Cuban Baseball Team Unhappy about IOC Decision
- Submitted by: admin
- 09 / 09 / 2009
Members of Cuba's national baseball team are sorely needed heroes at home and emissaries of the communist government abroad. So nearly every Cuban sees the loss of baseball as a bad cal" by the IOC.
"An unforgivable injustice," says Christian Jimenez, president of Cuba's National Sports Institute. "All that matters, once again, is the economic benefit, the money."
Added national team manager Esteban Lombillo: "In our judgment it can't be the Olympics without baseball."
Baseball's World Cup is hardly the Olympics. But the tournament, being played through Sept. 27 in seven countries across Europe, does feature all of the world's top baseball-playing countries - though not all the best players. It's also a chance for Cuba to win its first international championship since 2007.
Cuba managed silver in the 2008 Olympics, losing the final to South Korea.

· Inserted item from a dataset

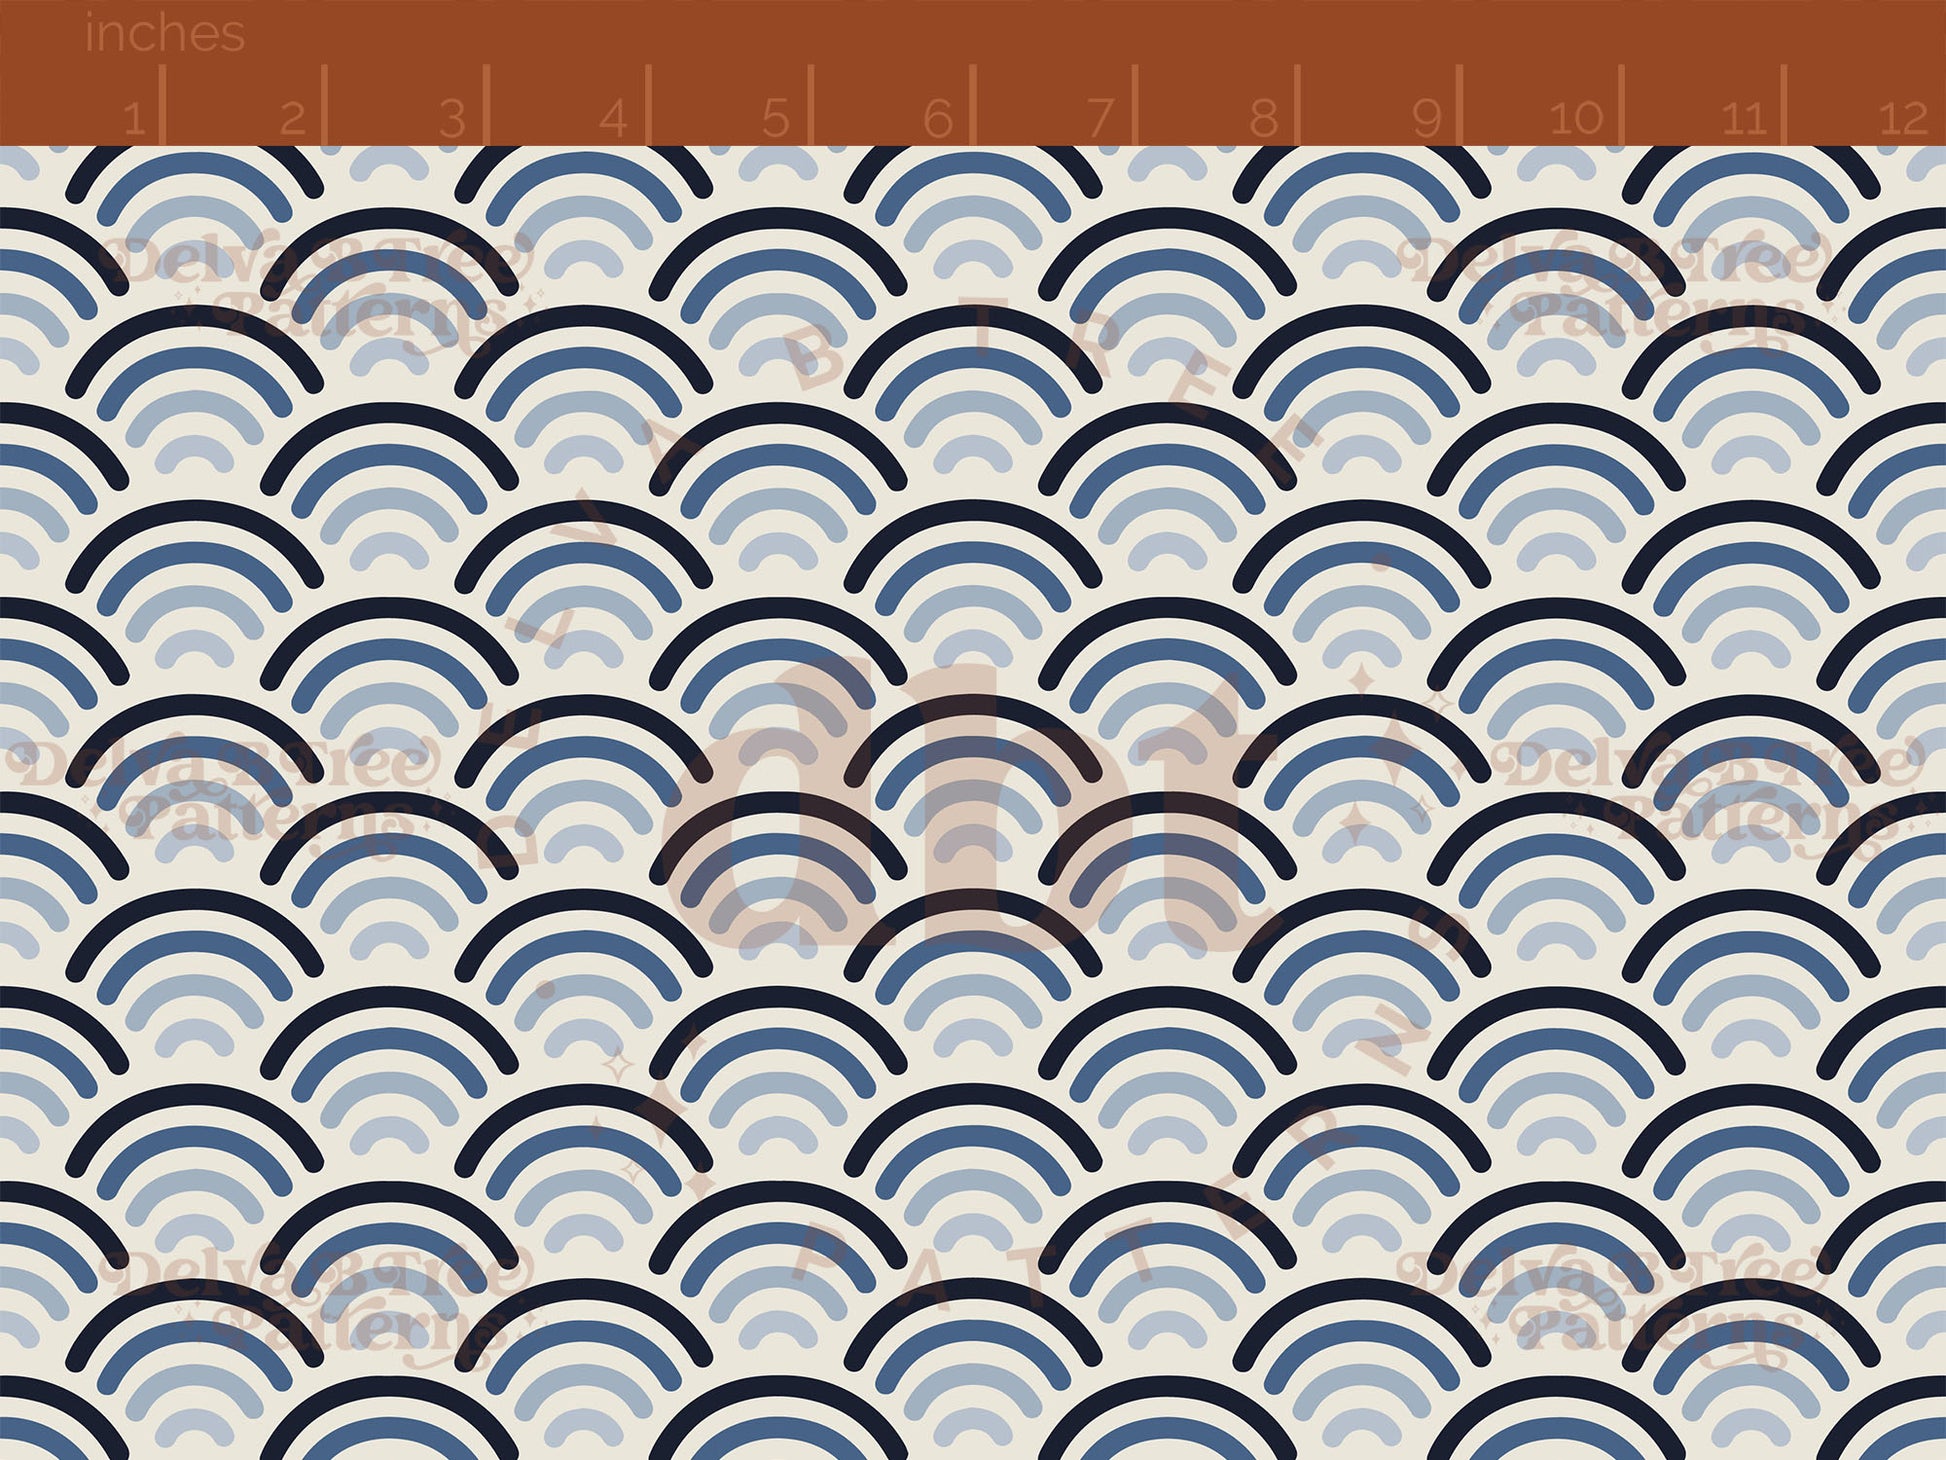 Small blue patriotic summer rainbows on an alabaster / vintage off white background seamless pattern scale digital file for small shops that make handmade products in small batches.

Team captain and left-fielder Frederich Cepeda won gold in the Athens Olympics and silver in Beijing. He's also played in other international tournaments - including the World Baseball Classic, which showcases Major League Baseball players. He says nothing compares to the Olympics.
"It's a reckless decision," the 28-year-old said before an intersquad game under a sweltering sun at Havana's fabled Estadio Latinoamerico. "I don't know what whim it was that removed the game from the Olympics. They're eliminating a very beautiful sport."

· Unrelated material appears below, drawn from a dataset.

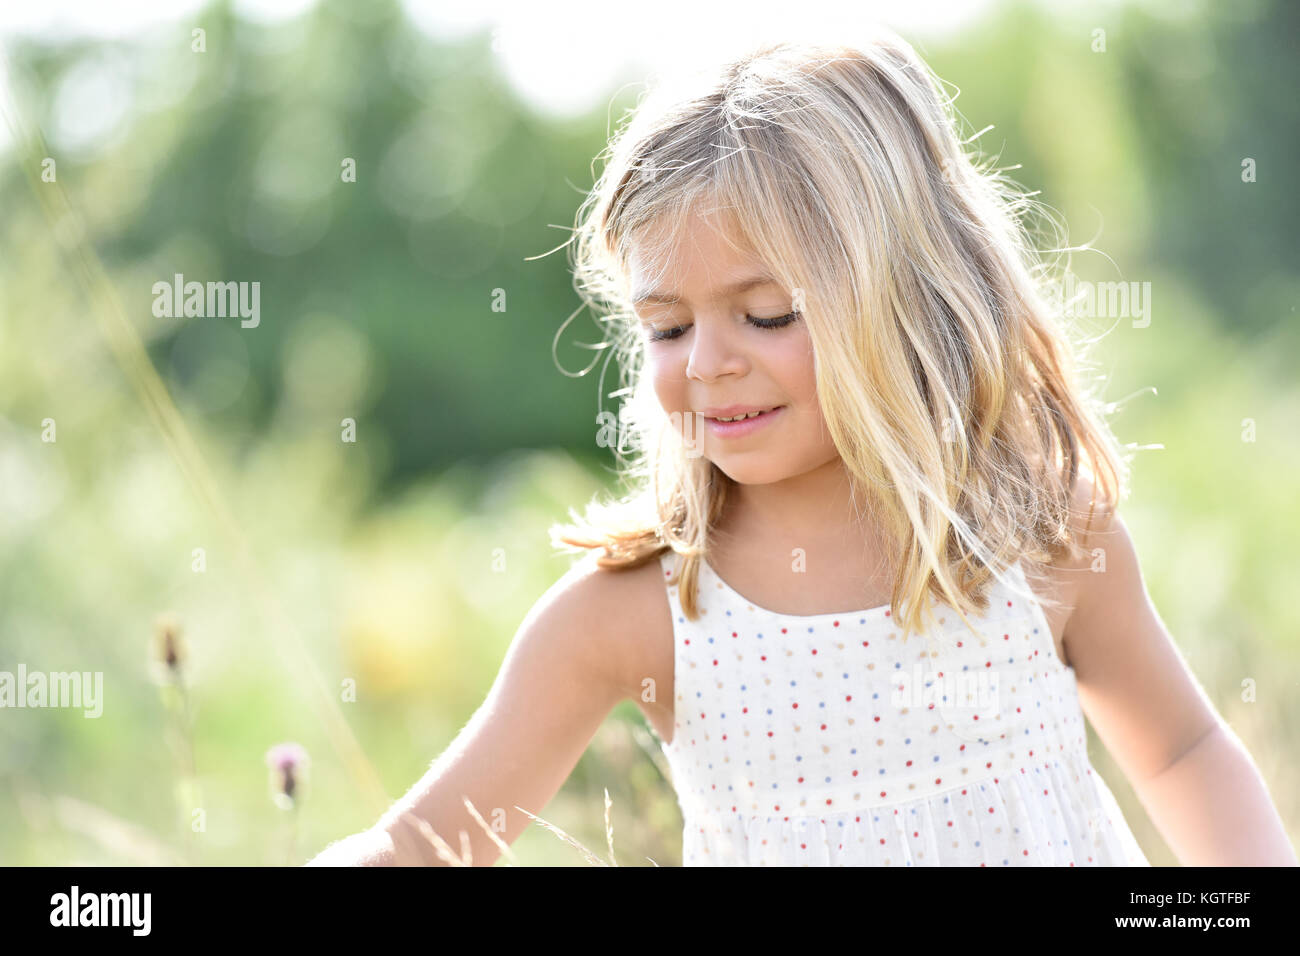 Portrait of cute petite blonde girl Picking Flowers in field Banque D'Images

Yulieski Gourriel, a 24-year-old infielder who also played in Athens and Beijing, wasn't shy about blaming IOC president Jacques Rogge, who once played rugby on a national level for his native Belgium.
"He simply doesn't like the game of baseball," Gourriel said.
Though baseball officially is an amateur game here - Fidel Castro banished pro sports in 1961 - Cuba's players are venerated as heroes, and are expected to perform as such. The cash-strapped government spares nothing to prepare the squad, and Olympic medals still symbolize the success of the 1959 revolution that brought Castro to power.
Cuba's dominance has been challenged in recent years by defections, emerging powers in Asia and Europe and, in some domestic quarters, by what's seen as lack of discipline.
Cuban officials - and some fans - insist that TV ratings and revenue trumped baseball's culture in the Olympic decision. Eduard Martin, manager of the Villa Clara province team, suggested the games could be shortened to better accommodate TV.
"I am hurt, as a trainer and as a dedicated manager for more than 30 years. I think it's got to be resolved somehow," said Martin, who last season led his team to the National Series, Cuba's equivalent of the World Series.
Martin Chacon Perez, a 48-year-old taxi driver, also believes the Olympic call came down to time and money. Watching the intersquad game from a worn, wooden seat, Perez said that he thought the duration of baseball games no longer is suited to the demands for high TV ratings abroad.
"In my opinion, it's the delays during the game," he said. "The capitalists want more advertising, and that affects them."
Harvey Schiller, president of the International Baseball Federation, told member nations in an August letter that it isn't worth trying to get the sport back in the Olympics again. The IOC, he said, sent "a clear message that despite any changes we make, we are not part of their plan."
Added Omar Linares, the former third baseman considered perhaps Cuba's greatest player: "The dream of every athlete is to be an Olympic champion. They're taking our dream away."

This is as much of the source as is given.